22 Nov 2024

O novo filme “Emmanuelle” mantém a cena do avião, mas não tem o cadeirão de verga. Não é uma recriação do clássico de 1974. Traz uma perspetiva contemporânea do erotismo no cinema.

“Emmanuelle”, do realizador Just Jaeckin, com Sylvia Kristel, apesar de ter marcado uma época, é desconhecido das novas gerações. Noémie Merlant, que tem o papel de Emmanuelle na nova versão, faz parte desse grupo.

Na estreia, no Festival de San Sebastián, a atriz francesa revelou que foi um desafio ainda maior perante o sucesso da longa-metragem dos anos 70:

Nunca tinha ouvido falar de “Emmanuelle”. Não li o livro, não vi o filme. Falei com as pessoas à minha volta e elas diziam que é demasiado perigoso. Olha o que aconteceu à Sylvia Kristel.

Pensei, se as pessoas estão tão assustadas, isto significa que há algo para falar. E depois era participar de uma experiência de falar de erotismo e de sexo a partir do olhar de uma mulher realizadora.

Emmanuelle, eu identifiquei-me com ela. No início do filme, temos uma mulher que segue as regras da sociedade. Não sente prazer, sempre tentou fazer as pessoas felizes e satisfeitas.

É como um robô. Fazemos esta viagem com ela, quando está a tentar ser realmente, ela própria.

A cineasta Audrey Diwan, realizadora de “O Acontecimento”, premiada com o Leão de Ouro em Veneza, também não viu o filme com Sylvia Kristel.

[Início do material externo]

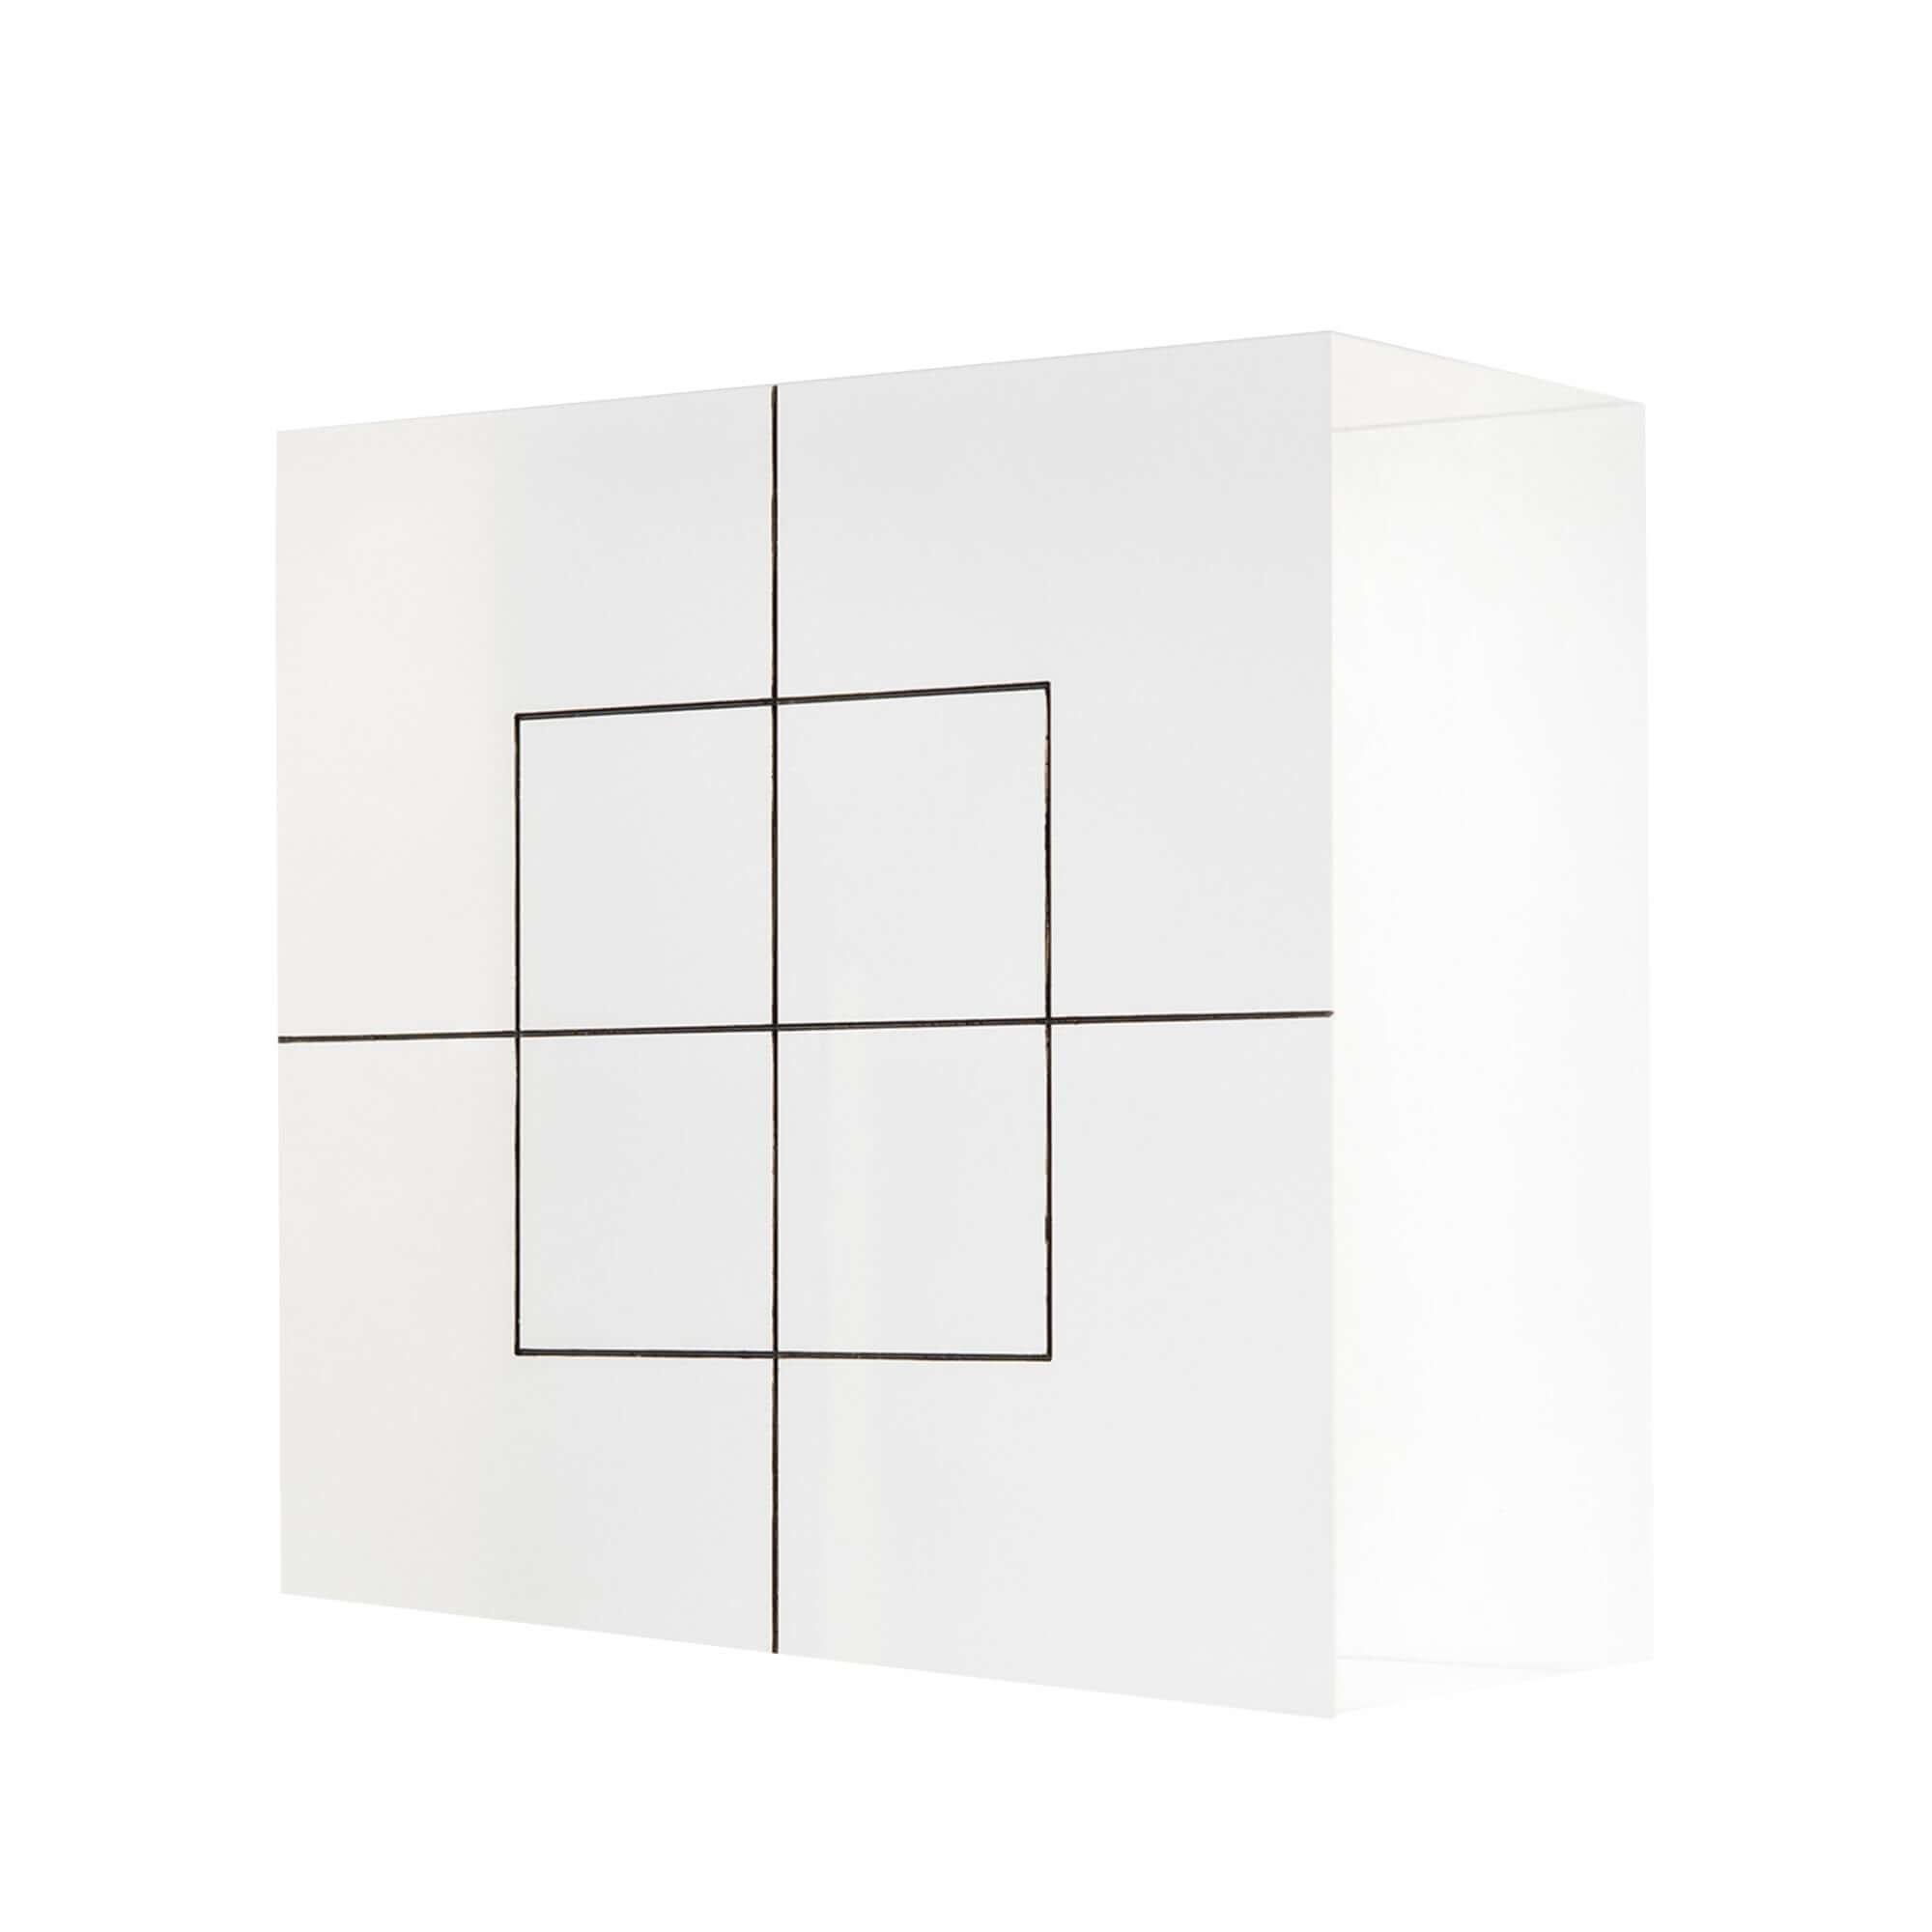 Acryline Elements de comptoir en verre acrylique, illuminé en verre acrylique imprimé

Por curiosidade, leu o livro “The Joys of a Woman”, de Emmanuelle Arsan, que inspira a personagem. O que a levou a refletir sobre um erotismo que oscila entre o que se vê e o que se sugere:

Interessou-me, no início do livro, uma longa discussão sobre o erotismo.

Quando se fala de erotismo, é o que se esconde e o que se mostra. O filme, nos anos 70, ficou gravado na memória de toda a gente porque abriu o enquadramento. Aqui, estou a tentar fazer outra coisa.

Estou a restringir o enquadramento para convocar a imaginação do público, pois, hoje em dia, se quisermos, podemos ver tudo. Temos a internet e a pornografia. Pensei numa mulher a quem dei o nome de Emmanuelle.

Ela faz perguntas sobre a relação com o prazer. Ela não sente prazer, mas eu tensionava falar apenas do prazer sexual. Queria interrogar-me sobre a forma como tratamos o prazer na sociedade.

É-nos pedido que lucremos, que cheguemos ao clímax, que sejamos o melhor de nós próprios e bem sucedidos.

Depois, pensei naquela mulher e no seu corpo e como se relacionava com aquele mundo.

Audrey Diwan, que escreveu o argumento em conjunto com a cineasta francesa Rebecca Zlotowski, procurou afastar-se do filme erótico e concentrar-se mais no livro. Como uma adaptação feminista, contar a história de uma mulher à descoberta da intimidade e do prazer:

Foi emocionante falar sobre o que é o prazer feminino, o sistema complexo que temos dentro de nós, como funciona e de onde vem a fantasia. Mas se quisermos voltar a ser nós próprios, temos de criar algum espaço para nós e para o outro.

É preciso fantasiar. Temos de dar tempo e passo a passo criar uma história na nossa mente. Para o meu projeto, foi-nos pedido, enquanto mulheres, que nos envolvêssemos na experiência dos homens durante a maior parte das nossas vidas.

Foi-nos pedido que nos projetássemos na experiência masculina a nível sexual. Acredito que podemos trabalhar para além do género e isso também funciona do lado oposto, que todos podem tentar estar no corpo da mulher.

Não gostaria de falar só sobre o prazer feminino. Se fosse um filme para mulheres e mais ninguém estivesse envolvido, acharia triste.

No Festival de San Sebastián, Audrey Diwan explicou que não quer impor uma ideia de erotismo e quer dar ao público a liberdade de interpretação e de imaginação.

Pretende que a nova versão de Emmanuelle não se reduza a um filme só para mulheres:

Há muitas definições de erotismo. O que tentei fazer não era imaginar o erotismo apenas em termos específicos apenas através da sequência sexual, mas criar uma atmosfera especial que faz com que as pessoas olhem umas para as outras.

As palavras podem ser erotismo. Até uma tempestade pode ser erotismo. O nosso trabalho conjunto foi encontrar o tom certo para dar espaço ao público para projetar as próprias sensações e para interpretar o filme à sua maneira.

Decorridos 50 anos após o filme de culto do cinema erótico, “Emmanuelle” regressa numa versão política e feminista, sobre o desejo e a liberdade sexual da mulher.

Estreia esta semana nas salas portuguesas.